Astronomical Data Analysis Software and Systems (ADASS) Conference

Hi everyone,

I plan to submit something around Pangeo and CNES stuf for ADASS. I’ll recycle some already used slides I have. I think Astronomical community will and actualy is already benefitting from Pangeo ecosystem through some examples I’ve seen.

I wonder if anyone else would be interested?

You might check in with Stuart Mumford stuart@cadair.com . He did some early work with Pangeo and knows some other people in this space.

Despite some early activity, Pangeo has never gotten much traction in astro applications. I never understood why. I may have to do with the dependence on astropy and the FITS format. Neither of these is particularly compatible with the Pangeo (xarray + dask + netCDF/zarr) stack.

I was wondering if this early work had been continued, it is a pitty it has not…

I tried to re-run https://github.com/pangeo-data/pangeo-astro-examples, notebook is starting (which I was grateful for), but it still uses Dask-kubernetes, and I think this is not working anymore (I’ve not been able to follow all the dask-gateway and hub refactoring work !!).

Anyway, I’ve submitted something with recycled content:
https://adass2020.es/adass2020/talk/review/SKDCEQ8RMRUGZMHLZCFEA9Y8HMNKV97Y

I’ll try to contact Stuart Mumford and Will Barnes.

1 Like

Hi @geynard! Thanks for roping us in on this.

Ryan is basically right. The layout of our data is certainly an impediment to the sort of workflows that Pangeo has enabled in the Earth sciences, particularly in the cloud. We are tied to the FITS format for the foreseeable future and there has not been a ton of progress into understanding how this data format can be used with more scalable compute, either on HPC or in the cloud.

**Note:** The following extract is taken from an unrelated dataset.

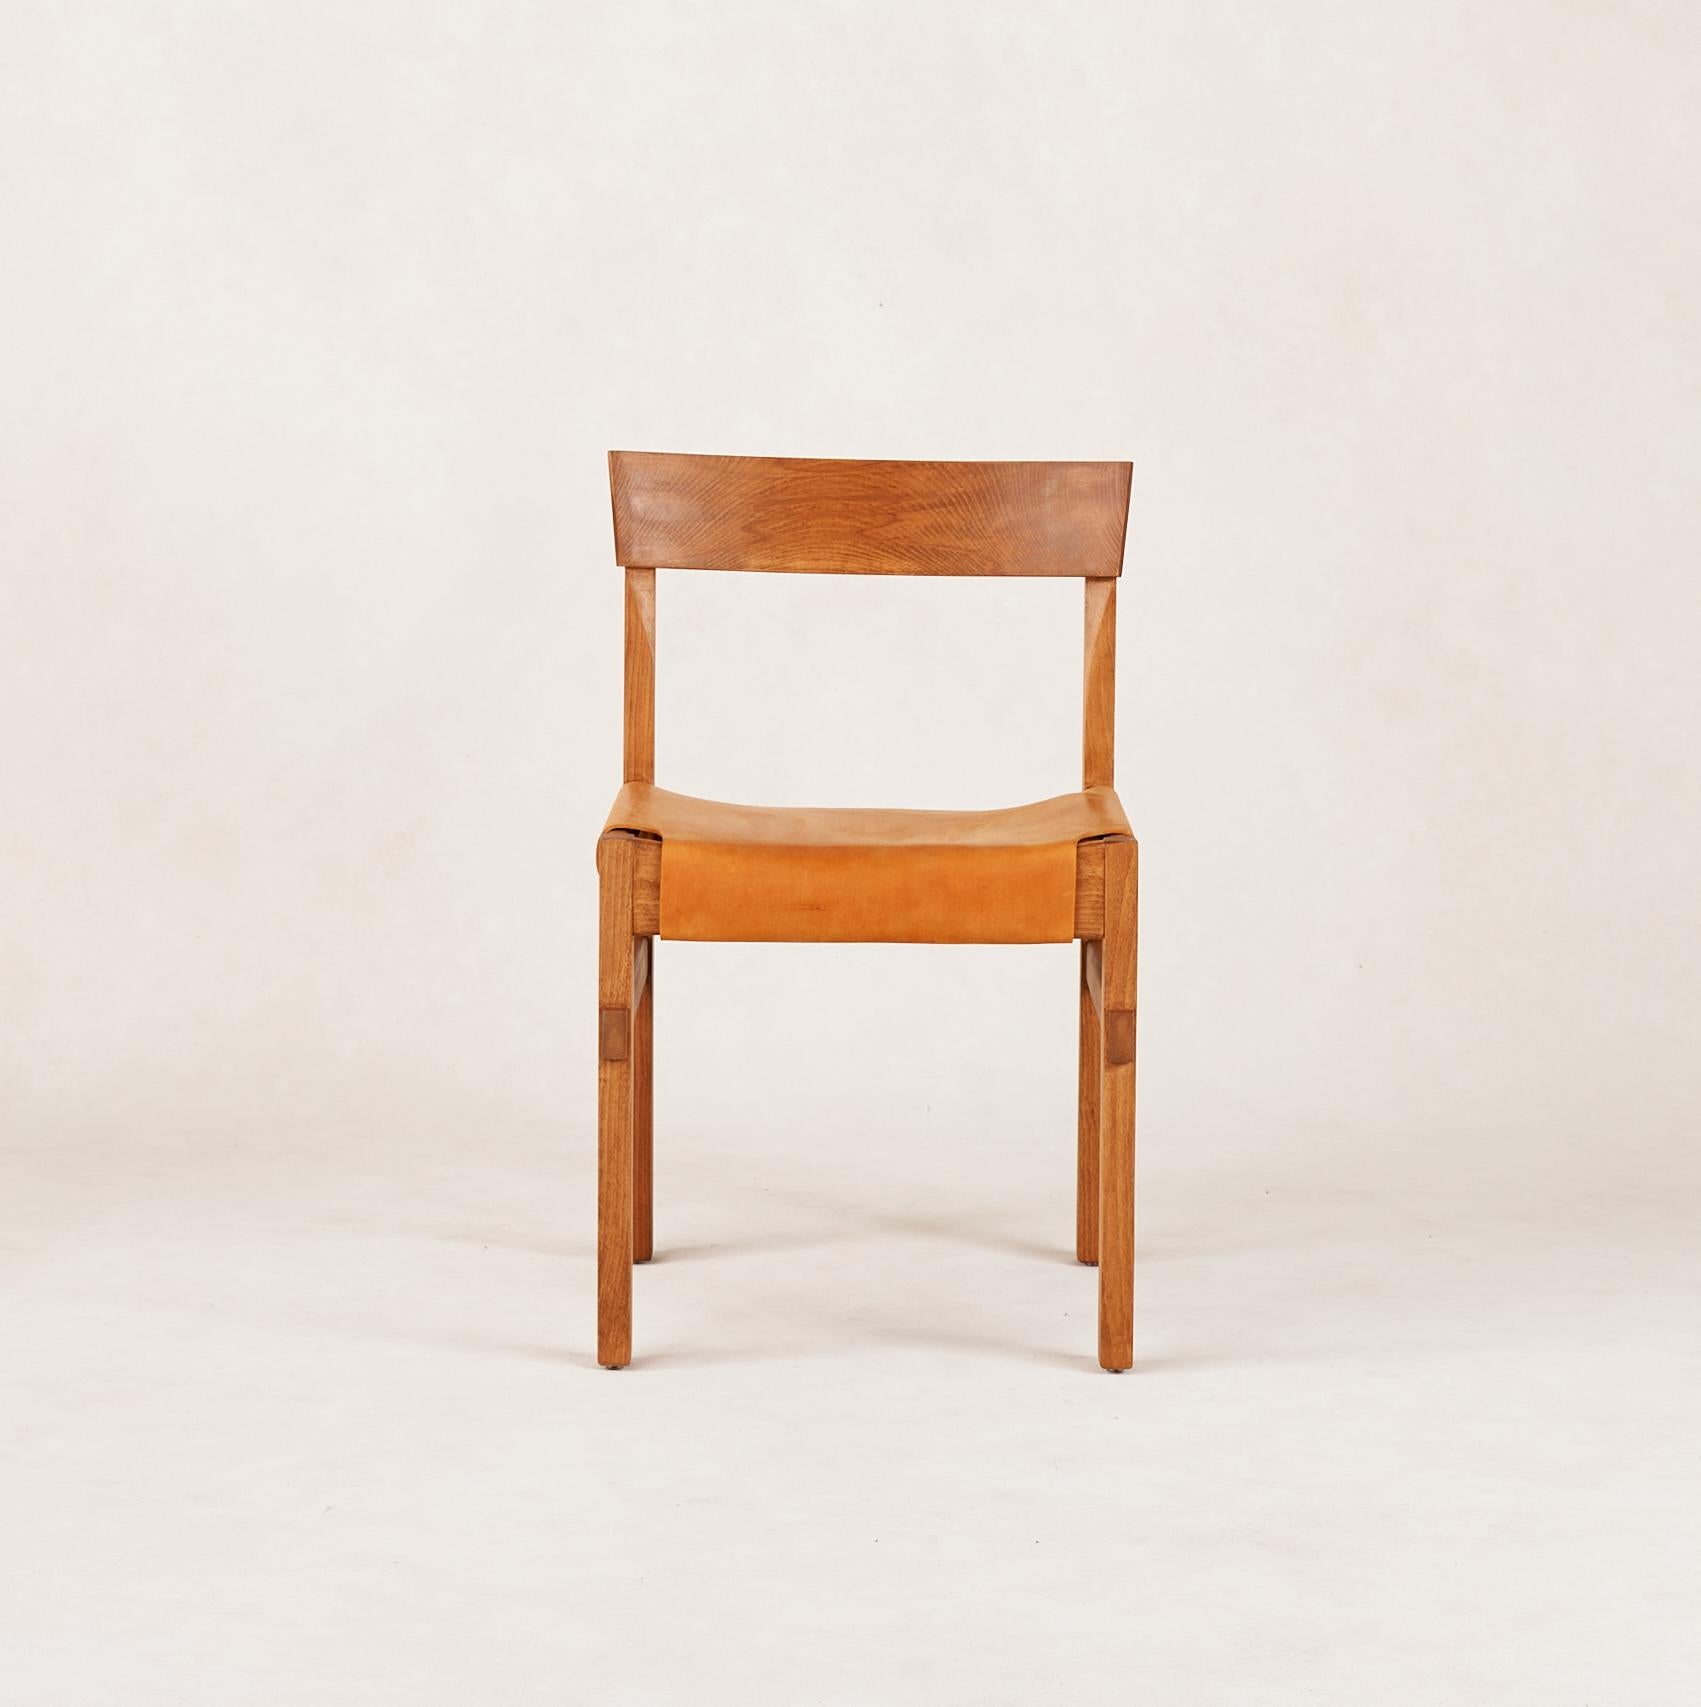 The Shinto Dining Chair was designed as an ode to the traditional Japanese Torii Gate found at the entrances of Shinto shrines. The chair invites you to pause, find peace in the moment and come together with friends and family around the dining

I cannot speak much for the nighttime astronomy community, but there is definitely interest in the solar physics community, especially among ECRs, in these types of workflows. If you’re looking for examples to add to a talk, I gave a poster on using Dask (and dask-jobqueue) to accelerate EUV image analysis on HPC (specifically NASA Pleiades). You can find the ADS entry here and a PDF of the poster here. A lot of these ideas were born out of the early work that Stuart and I, assisted by Matt and others, did with the demo Pangeo cluster a few years ago.

Also, I tried to click the link to your talk abstract but it is giving me a 404.

Thanks @wtbarnes for your inputs.

It seems the sharing link provided is not working, but there’snot much I can do. Anyway there’s not much in it. I’ll have a close look to your resources, thanks !

There’s a lot of interest at CNES from astronomy missions like LISA or ATHENA, at least for Jupyter but also for scalable compute. And I think pointing the problem of FITS format is important.

Note that intake-astro offers dask-parallel access to uncompressed FITS tables and arrays, so long as they are simple types (i.e., no embedded arrays in rows). The pangeo-astro derived example notebook above ( @wtbarnes ) used a similar, but more specific approach. Yes, this is outside of typical xarray, but the general needs are rather similar to pangeo’s. The one big difference really, is the use of generalised, curved coordinate systems specified as analytic matrices (WCS), rather than arrays of coordinate labels. That ends up not mattering for many of the processing tasks that astros actually do, such as merging many images into a master image with rejection.

I know there is or had been efforts in astropy to use dask directly too, but I don’t know the current status there.

I’d be happy to offer some thoughts from an ex-astro’s point of view, but I probably can’t contribute effort.